# Hydor 200 16/22



## nduli (25 Dec 2013)

Guys any idea why hydor inline heaters seem to be difficult to get hold of?


----------



## Pedro Rosa (25 Dec 2013)

They told me at my local store that Hydor was discontinuing that product 
Will that be forever? for how long? ... even if it's really what's happening, i don't know.

Pedro.


----------



## Lee Sweeting (25 Dec 2013)

Discontinued? I don't think that is the case. Not as far as I am aware anyway! 


Sent from my iPhone using Tapatalk


----------



## Lee Sweeting (25 Dec 2013)

Aqua essentials and a whole host of other aquatic retailers still stock these. Try a google search. 


Sent from my iPhone using Tapatalk


----------



## sa80mark (25 Dec 2013)

A quick Google search shows a lot of retailers listing them as to be discontinued but most of these are American site so maybe it's just over the pond ?


----------



## Nathaniel Whiteside (25 Dec 2013)

Well snap one up, then you've no need to worry.
I can't see them discontinuing them without a replacement in mind, as it's a niche market, they've no competition.

If it is to be discontinued completely, it'll probably have something to do with them pricks in Brussels.


----------



## darren636 (25 Dec 2013)

Is there an alternative? Lets face it- they are great bits of kit


----------



## Lee Sweeting (25 Dec 2013)

I'm not sure mark! Most of the uk retailers still seem to stock them. It would be a real shame if they discontinue them. As Nathan said, it's a niche market. I also think it's a very popular product, with no other manufacturer producing anything similar. 


Sent from my iPhone using Tapatalk


----------



## darren636 (25 Dec 2013)

Lee Sweeting said:


> I'm not sure mark! Most of the uk retailers still seem to stock them. It would be a real shame if they discontinue them. As Nathan said, it's a niche market. I also think it's a very popular product, with no other manufacturer producing anything similar.
> 
> 
> Sent from my iPhone using Tapatalk


 I have seen another brand inline heater- cannot remember where


----------



## Lee Sweeting (25 Dec 2013)

darren636 said:


> I have seen another brand inline heater- cannot remember where



Really? I've not come across anything similar. I've seen some filters with integrated heaters but have never seen any inline heaters, other than hydor. If you come across any other manufactures let me know , just in case!? 
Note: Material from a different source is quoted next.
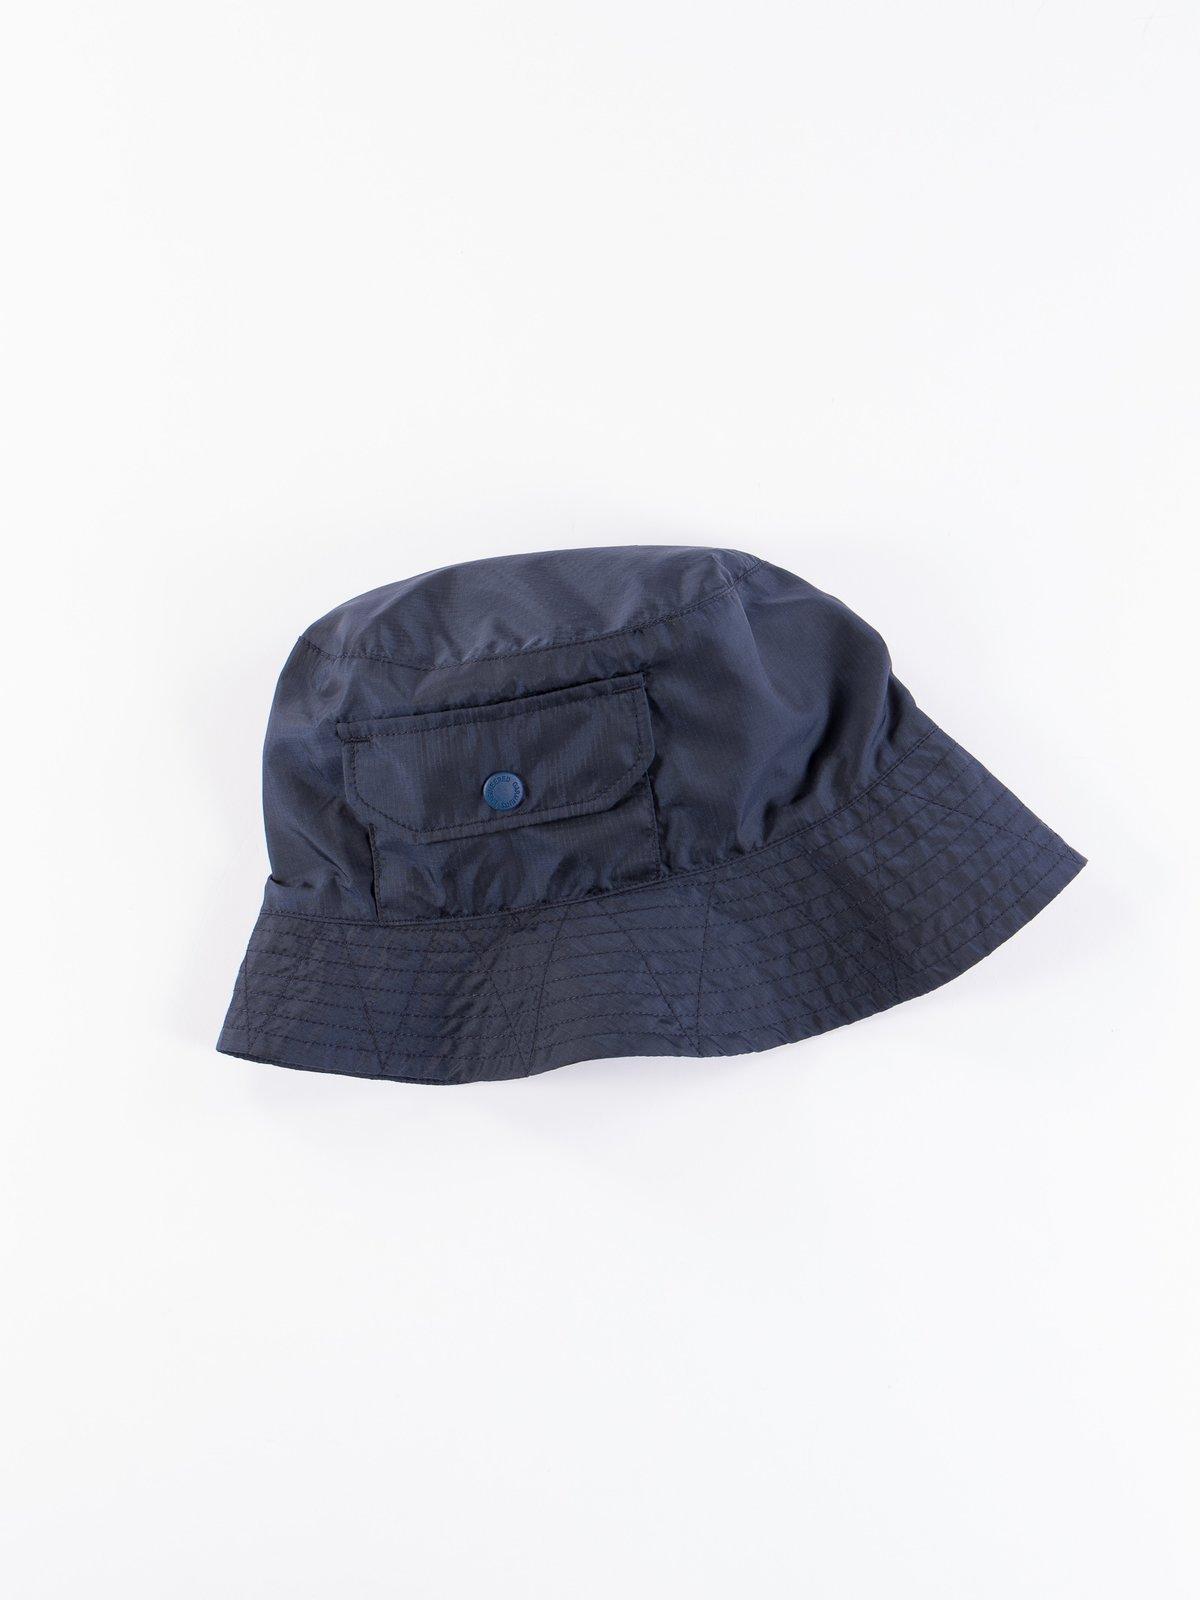 Navy Nylon Micro Ripstop Explorer Hat - Image 2
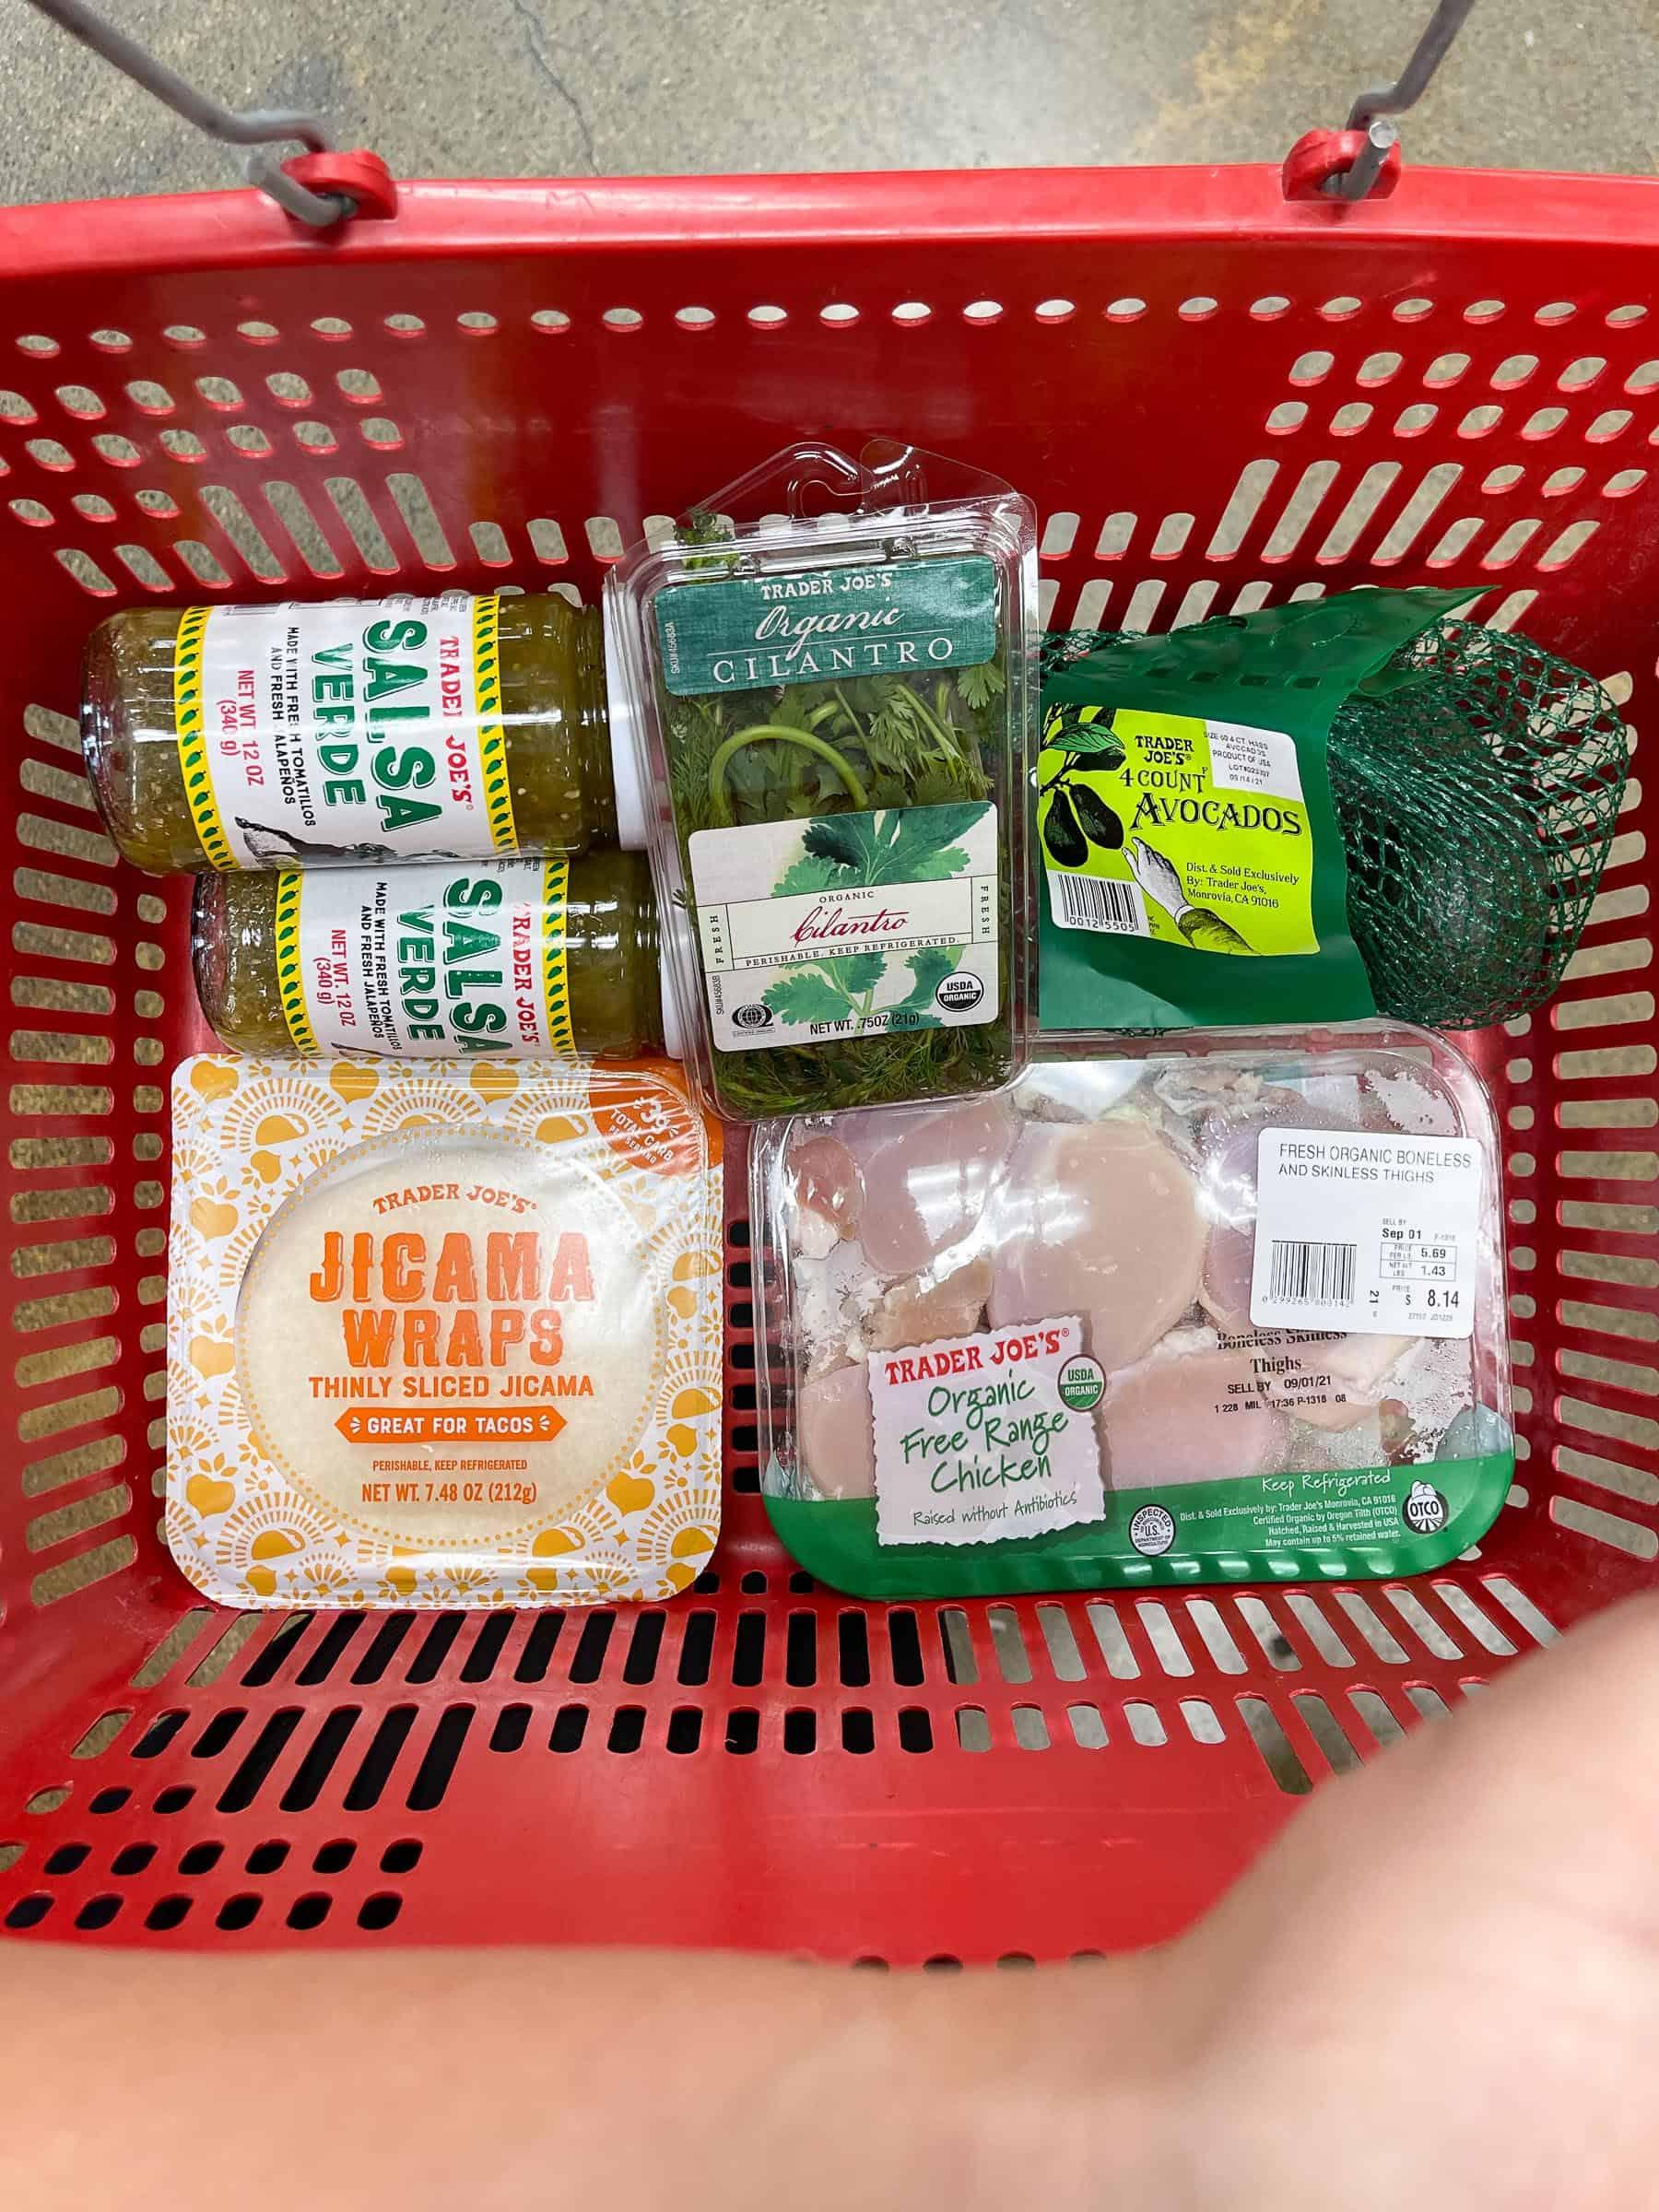 red trader joe's shopping basket with ingredients for keto crispy verde tacos

Sent from my iPhone using Tapatalk


----------



## sa80mark (25 Dec 2013)

Don't get me wrong I can't see it being completely discontinued not with out a replacement the thing I've always found strange is that none of the big brands have ever released there own version ? I know a few years back jebo brought one out but they seemed to dissappear over night ? I guess it was just pants


	JEBO Aquarium - External Heaters


----------



## Pedro Rosa (25 Dec 2013)

Beside being told that could be discontued, they told be the return to warranty was something like 1 to 8. If true, that should be a good reason for discontinuation.

It's VERY strange that brands like Jagger aren't exploring this market.

Pedro.


----------



## nduli (25 Dec 2013)

Some of the comments seem to explain possible profiteering I am seeing here. Circa 35 on aquaessentials and nearly 60 on others. Will be trying to secure one ASAP but local I think. I have to admit I can't understand why someone hasn't exploited this area. All I can think is that hydro have the best patent locked down.


----------



## darren636 (25 Dec 2013)

I have the 200w and 300 w. Been abused for 2 years, dropped , left on with the filter not running, bashed about- but they keep going.


----------



## Nathaniel Whiteside (25 Dec 2013)

darren636 said:


> I have the 200w and 300 w. Been abused for 2 years, dropped , left on with the filter not running, bashed about- but they keep going.



IME they are very robust pieces of kit. And incredibly handy, just think of an in tank heater....!

Erghhh


----------



## darren636 (25 Dec 2013)

Nathaniel Whiteside said:


> just think of an in tank heater....!
> 
> Erghhh


 I can't. I won't.


----------



## AndyE (26 Jan 2014)

Hello all,

Sorry to bring up a month old thread, but I found out some info on these heaters that you might be interested in.

I was also looking to but one of these heaters, but can't find one in stock anywhere.  I spoke to a retailer today, who informed me that they have indeed been discontinued.  That's the bad news.  The good news is they are releasing a new improved version in the next few months.

Apparently, there were issues with the 'sensors' (assume thermostat) which were failing too frequently, so they've been pulled until a new version has been developed and tested.

This info is from a retailer as I say, so it's not official from Hydor themselves, but this is the info the Hydor rep gave to him on Friday.  

Fingers crossed.


----------